Mit Lara Gut-Behrami, Mikaela Shiffrin und Katharina Liensberger sind zuletzt drei Athletinnen aufgrund des Coronavirus ausgefallen. Die Männer sind bislang von grösseren Ausbrüchen verschont geblieben, doch FIS-Renndirektor Markus Waldner sagt in einem Interview mit «Sportnews»: «Es ist nur eine Frage der Zeit, bis die Infektionen auch bei den Herren in die Höhe schnellen.»

Für den Südtiroler ist klar: «Der Skiweltcup hängt am seidenen Faden.» Auch die sportlichen Wettkämpfe bei den Olympischen Spielen in Peking sieht er gefährdet.
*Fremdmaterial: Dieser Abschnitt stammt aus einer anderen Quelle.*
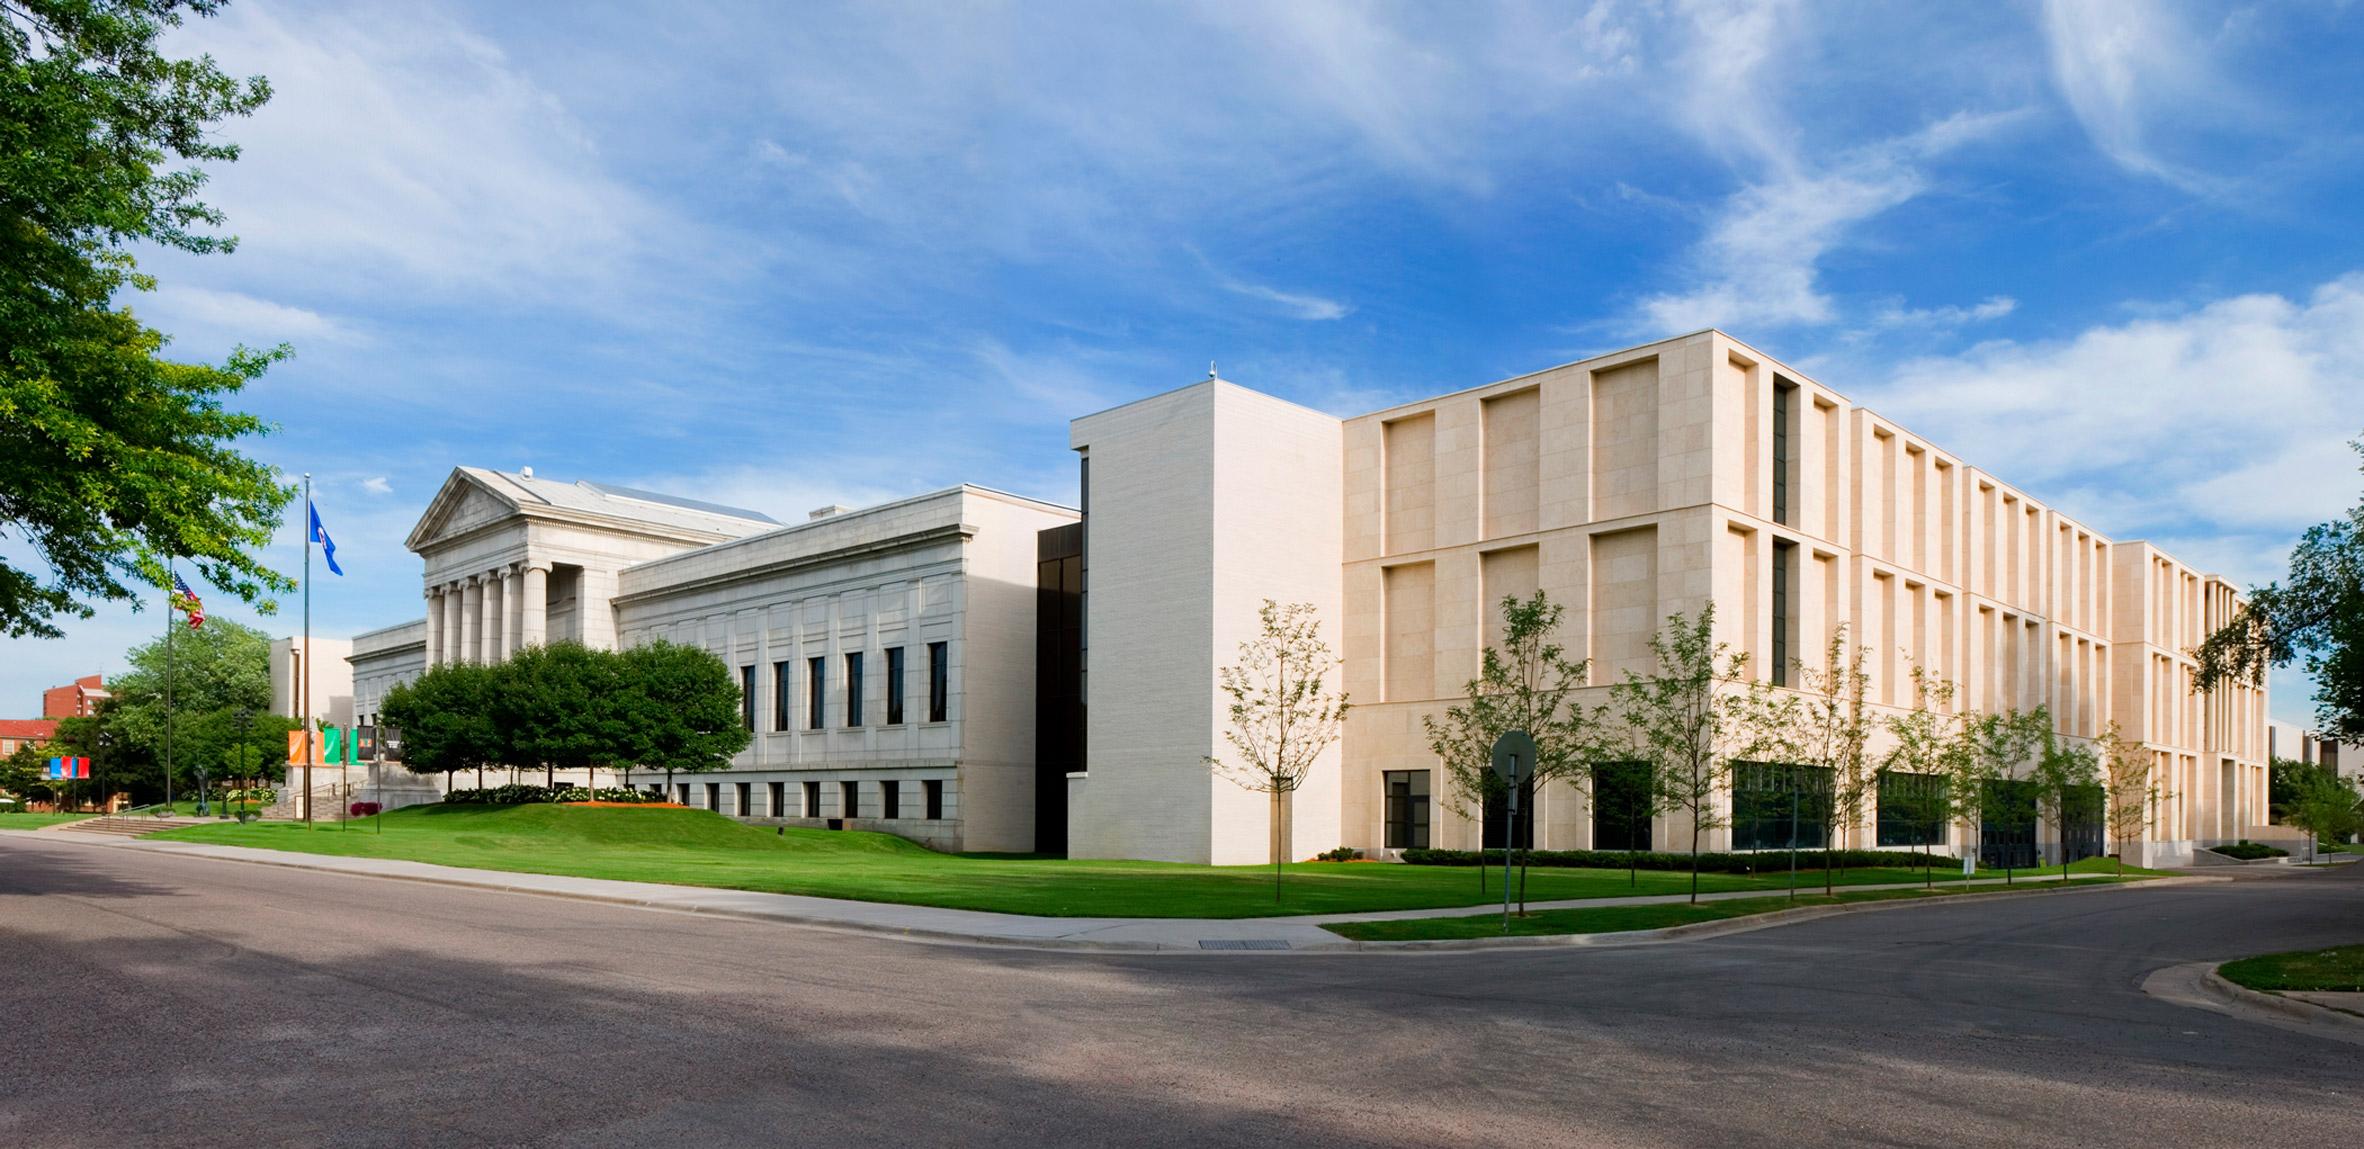 David Chipperfield to masterplan overhaul of Minneapolis Institute of Art

Im Gespräch meint er: «Beim Damen-Riesenslalom in Lienz haben mit Shiffrin, Gut-Behrami und Gasienica-Daniel drei absolute Top-Läuferinnen gefehlt. Stellen Sie sich vor, bei der olympischen Herren-Abfahrt fehlen Paris, Feuz und Kriechmayr, weil sie wegen Corona zu Hause bleiben müssen. Das wäre aus sportlicher Sicht der absolute Super-Gau.»
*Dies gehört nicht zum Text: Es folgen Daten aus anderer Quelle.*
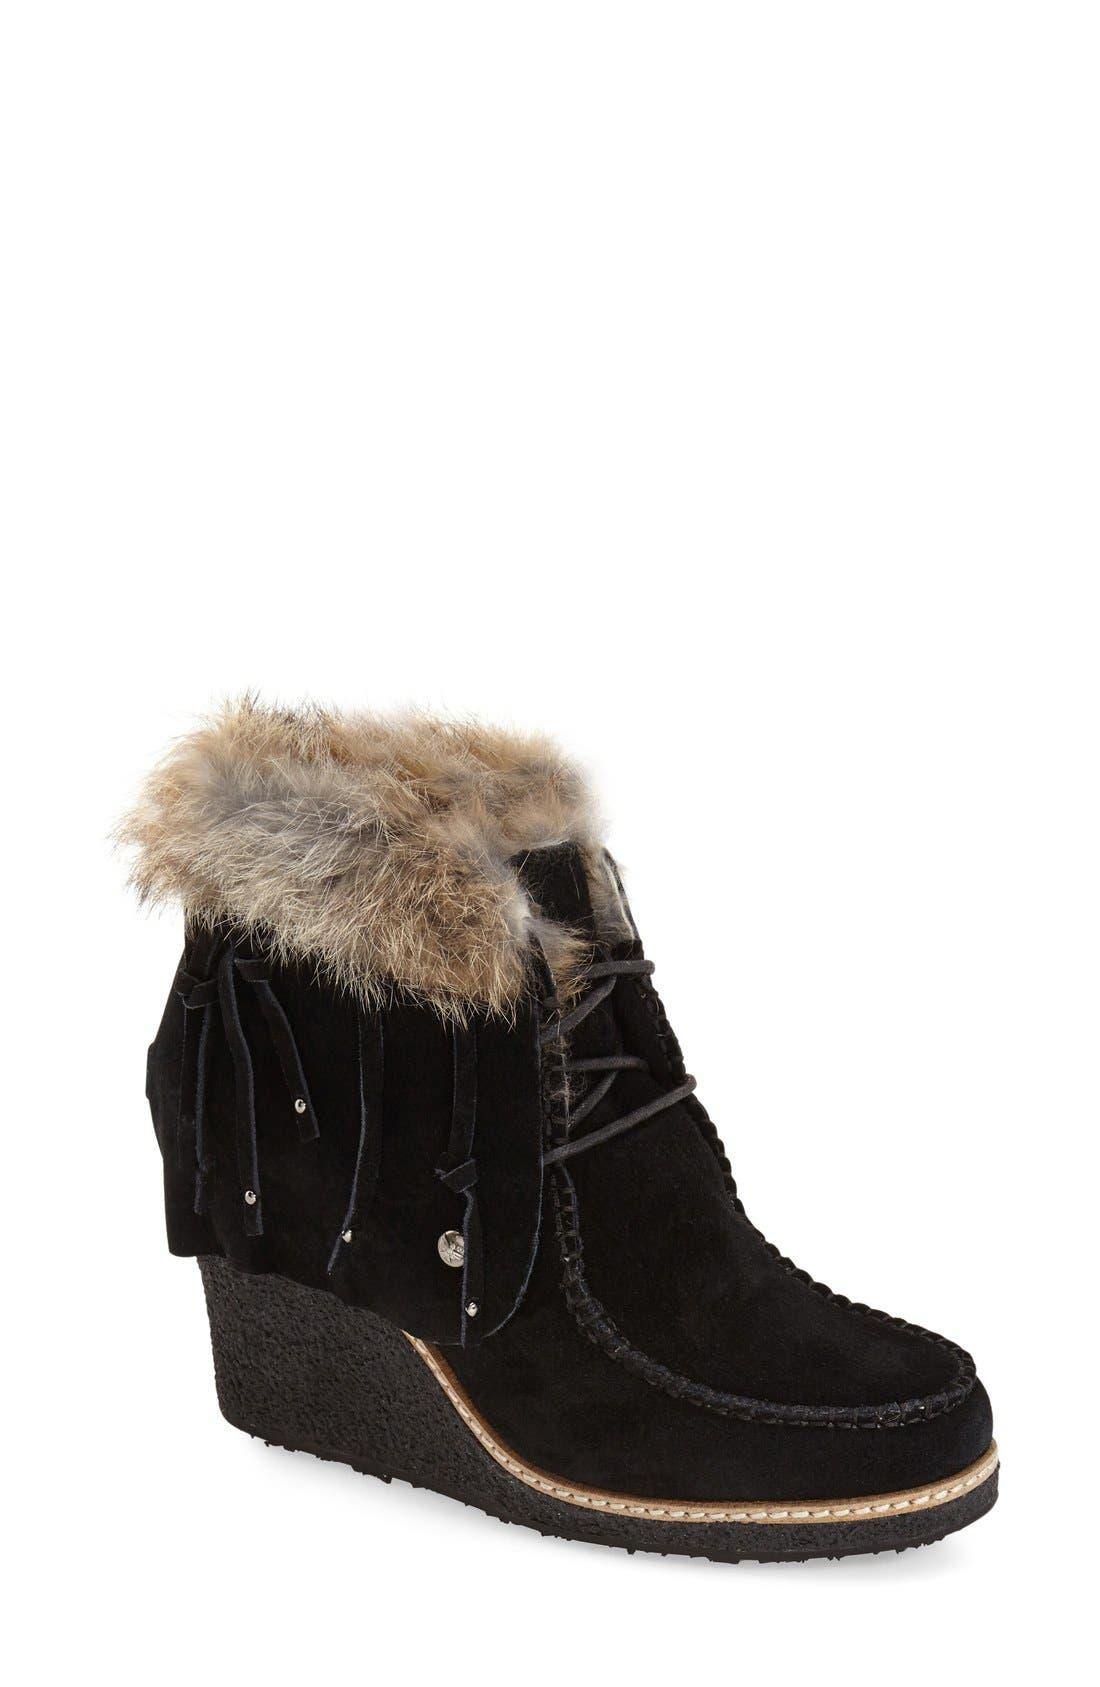 Main Image - Australia Luxe Collective 'Mantra' Genuine Shearling & Genuine Rabbit Fur Boot (Women)

Waldner glaubt nicht an Wengen-Absage

Noch vor den Spielen im Februar stehen für die Männer zwei Rennwochenenden in Adelboden und Wengen auf dem Programm. Die Rennen im Berner Oberland sorgen für schlaflose Nächte beim FIS-Mann. Mit den aktuellen Massnahmen dürften zahlreiche Besucher am Chuenisbergli und Lauberhorn verweilen. «Ich zähle auf die Eigenverantwortung aller Athleten, Trainer und Serviceleute», so Waldner.
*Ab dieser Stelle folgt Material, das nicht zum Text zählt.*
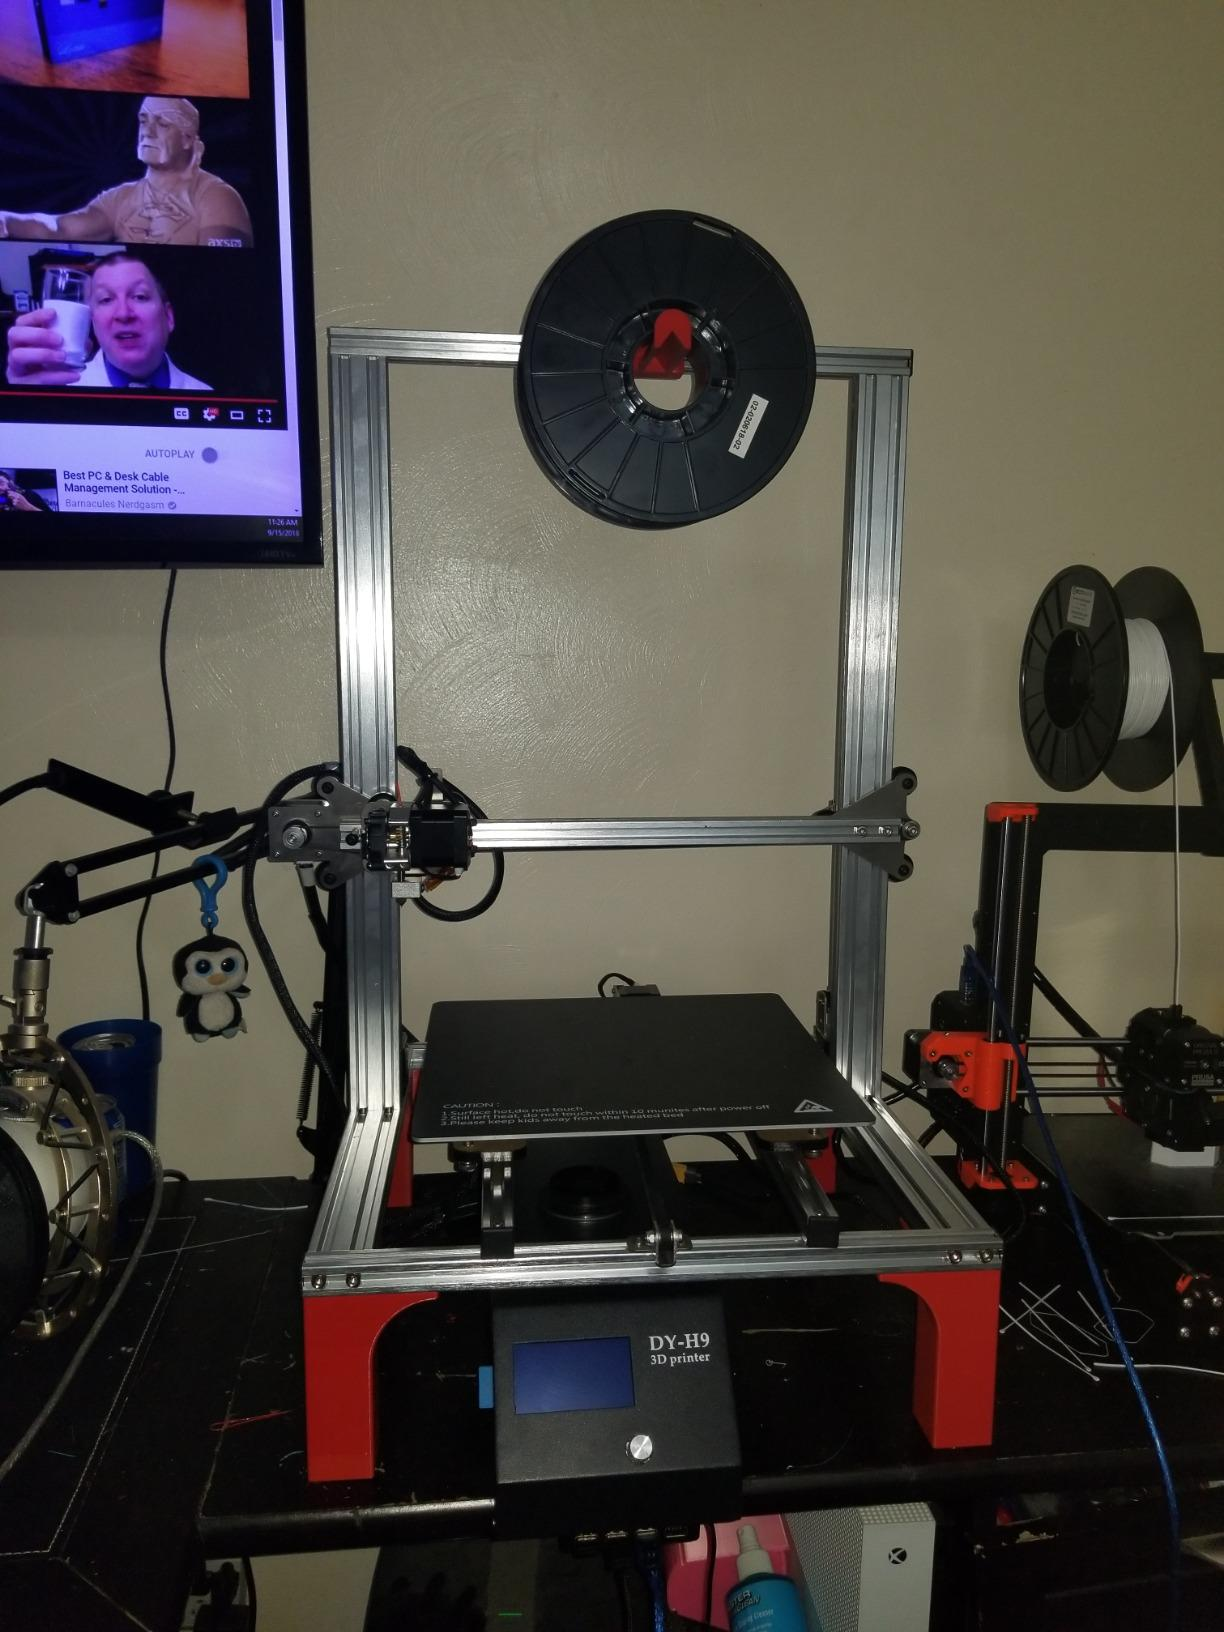 3D Printer, Aluminum Prusa i3 DIY Pre-Assembly 3D Printer Kit with

An eine Absage der Rennen glaubt er nicht. Er sagt aber auch: «Sollten wir bis Olympia im Februar heil durchkommen und dort wirklich alle weltbesten Athleten am Start haben, dann grenzt das an ein Wunder.»

Ein Super-G in Wengen?

Der Super-G in Bormio vom Donnerstag musste aufgrund des Wetters abgesagt werden. Viele Termine bleiben nicht mehr, um das Rennen nachzuholen. Dies, obwohl es für die Fahrer besonders im Hinblick auf die Olympiaquali ein wichtiger Aspekt wäre. FIS-Renndirektor Markus Waldner schliesst nun einen Super-G in Wengen nicht aus. «Hoffentlich finden wir eine Lösung mit dem Veranstalter in Wengen und Swiss Ski», so Waldner. Normalerweise findet in Wengen kein Super-G statt. Es wäre allerdings auch keine Neuheit. Vor gut 26 Jahren wurde bereits einmal beim Lauberhorn-Weekend ein Super-G ausgetragen.